OH: Third Party Candidates Call for Inclusive Debates, Oppose Democratic-Republican Bipartisan Front Against all Alternatives

Green Party gubernatorial candidate Dennis Spisak and Socialist Party US Senate candidate Dan La Botz have called for open and inclusive debates in their respective races.  Via IPR, Cincinnati's City Beat reports that the Democratic and Republican party gubernatorial candidates are currently conspiring to ensure that the people of Ohio will not be allowed to witness a debate between all ballot qualified candidates for the office.  The article quotes Dennis Spisak:
As the Green Party nominee for Ohio governor, I think it's a sham that myself and the Libertarian candidate for governor are not invited to the debates,” Spisak said in a prepared statement. “The Ohio Secretary of State has certified that minor party candidates are allowed on the ballots this year, we have paid the same filing fees as Ted Strickland and John Kasich, and had supporters stomp through the winter snowstorms to gather thousands of signatures to place us on the ballot,” Spisak added. “Ohioans deserve to hear all candidates for governor speak. Ted and John will sling mud and refuse to answer specially how they will fix Ohio. I will.
Separately, in an interview with John Michael Spinelli at the Examiner, Socialist Party candidate for US Senate, Dan La Bot, has called for open debates in his race.  Some excerpts from the Examiner:
Dan LaBotz of Cincinnati, the Ohio Socialist Party candidate who garnered fewer than 400 votes statewide on Ohio primary day in early May, is calling on the major Titans in the race, Democrat Lee Fisher and Republican Rob Portman, to include him in any scheduled debates. . . . 
Taking on his big-party, big-candidate rivals, LaBotz wants into the their debates. "We need to have open forums, public meetings, and a genuine debate between representatives of the various political alternatives," he says, so voters don't have to face the "same corporate political duopoly as in the past."
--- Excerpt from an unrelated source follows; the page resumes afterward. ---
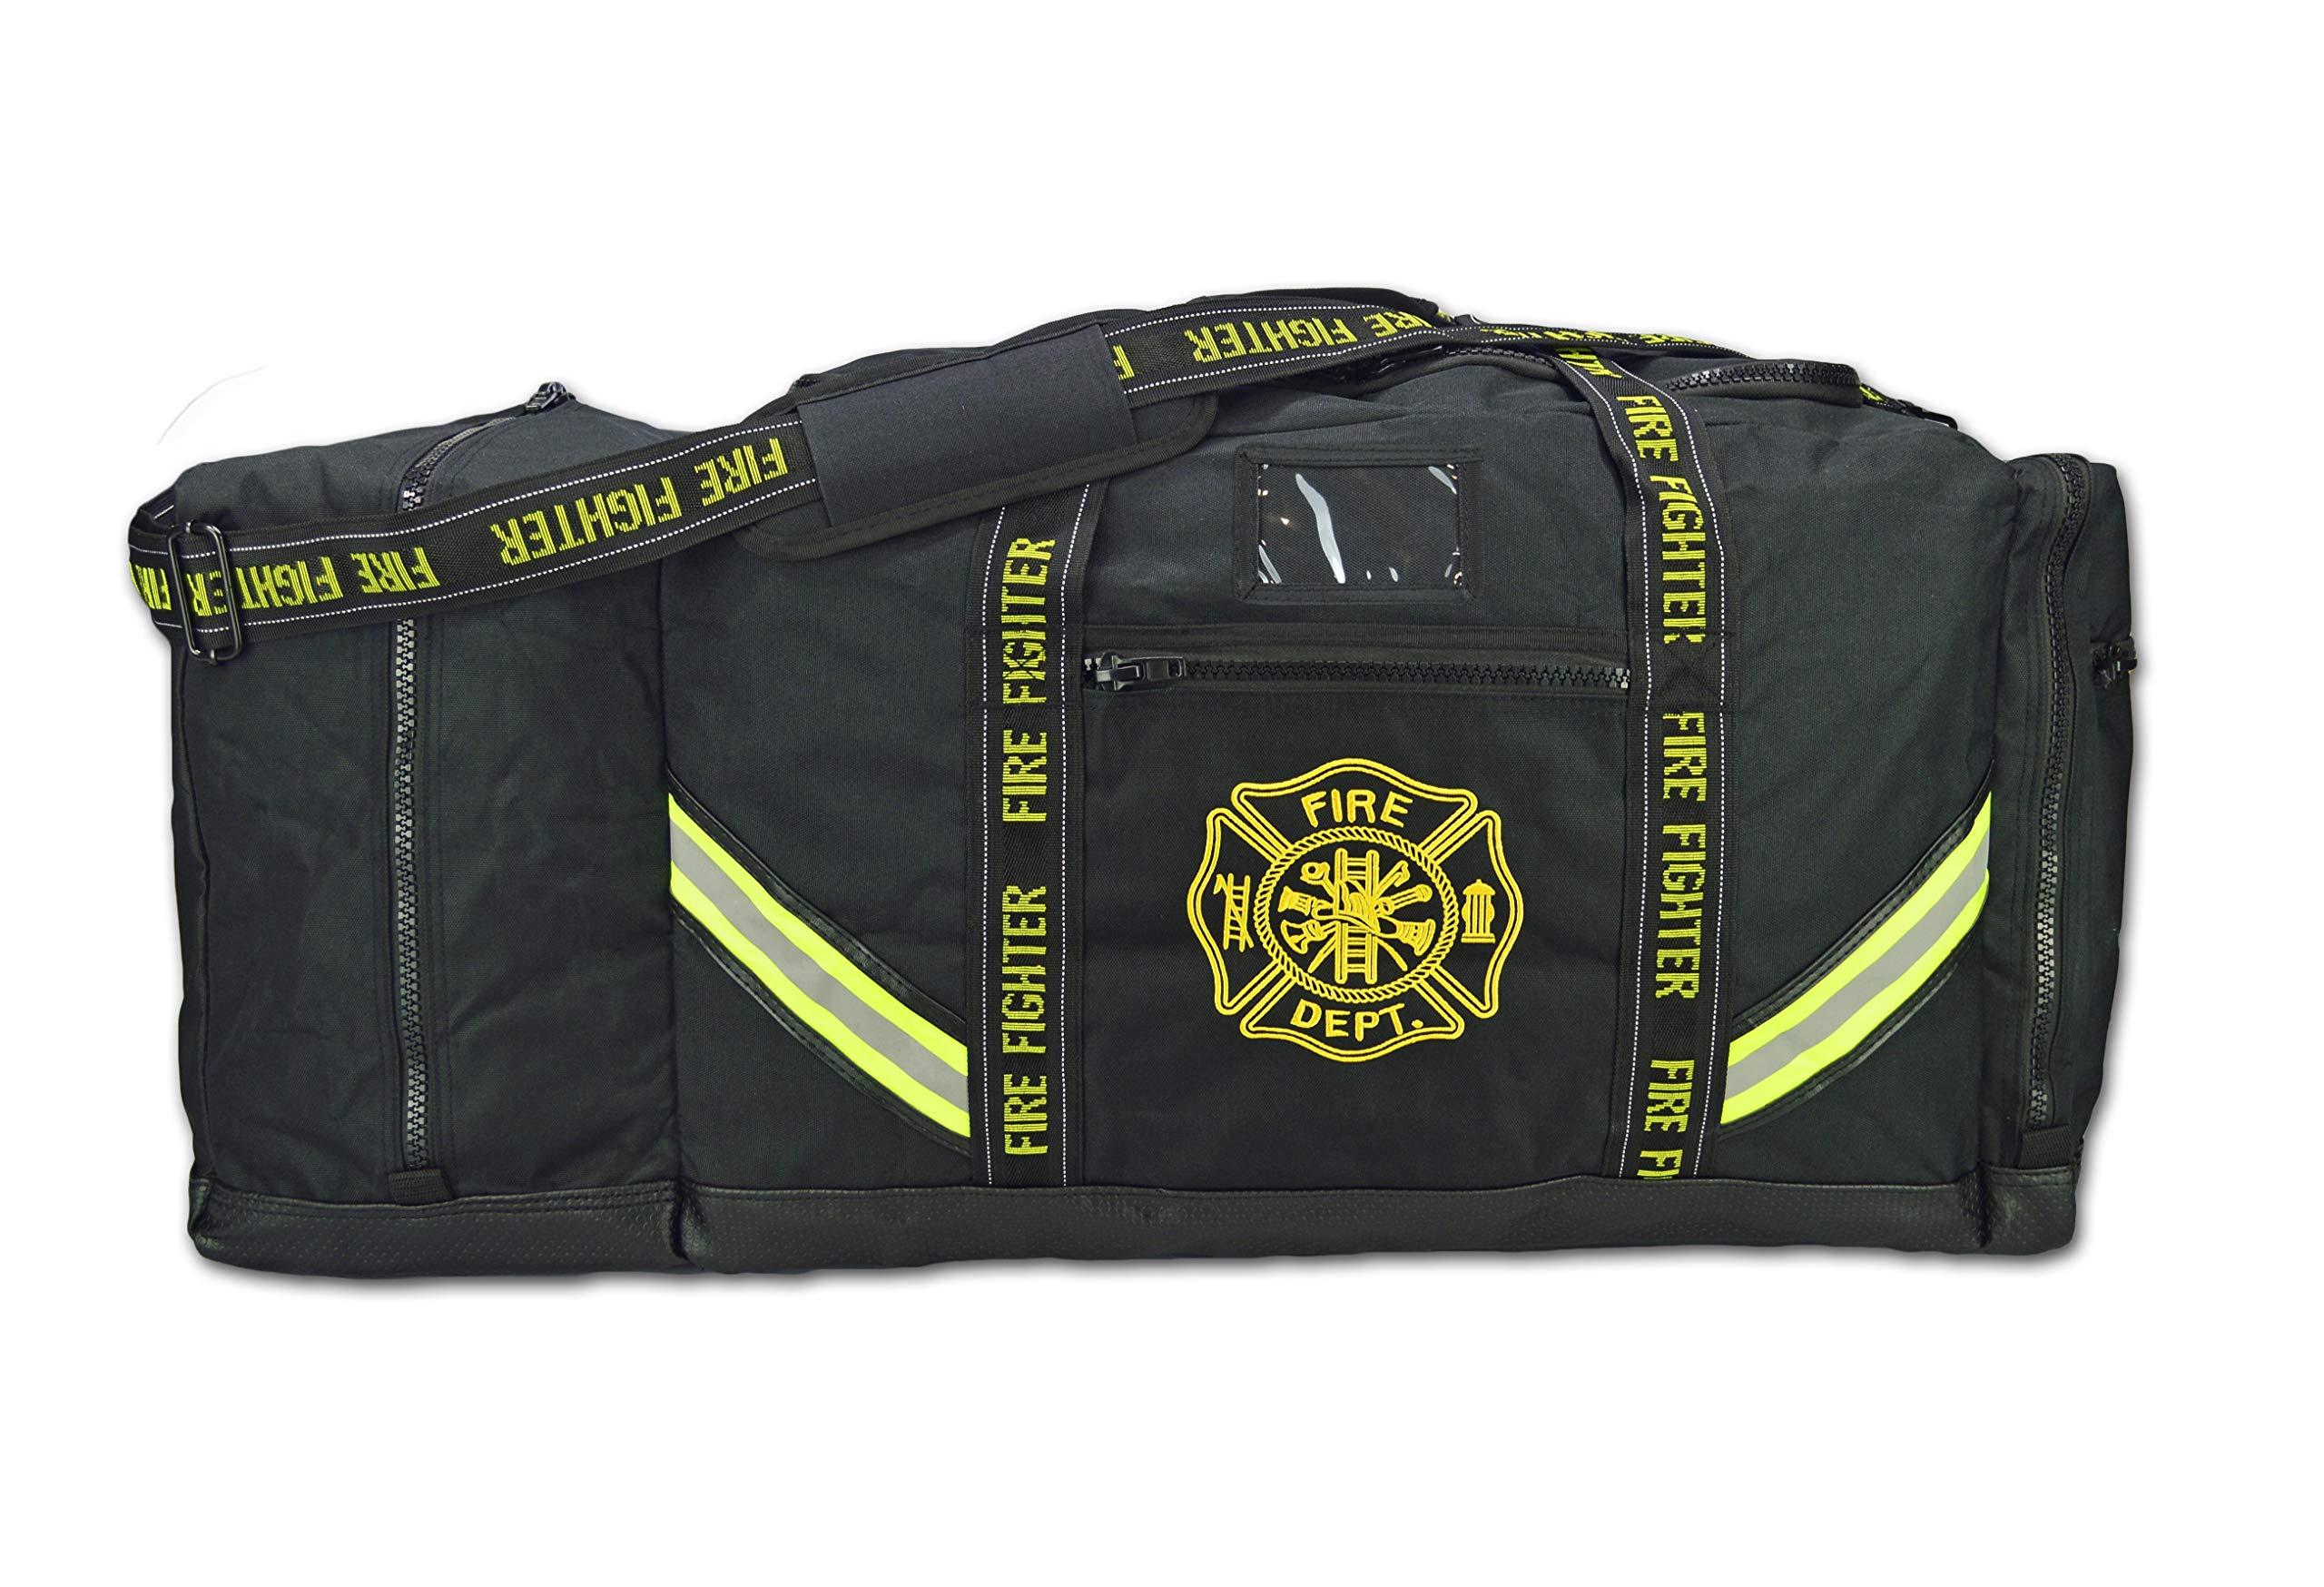 Lightning X Fireman Premium 3XL Firefighter Rescue Step-In Turnout Fire Gear Bag w/Shoulder Strap & Helmet Pocket (Black)

In a recent statement, LaBotz said, ""We need to open up the debates so that the people of Ohio can learn about the real disaster we are facing." . . .

Moreover, he says election debates should be organized by a non-partisan group, such as the League of Women Voters, and should include all parties and candidates, compared to how debates outside of presidential debates are done now.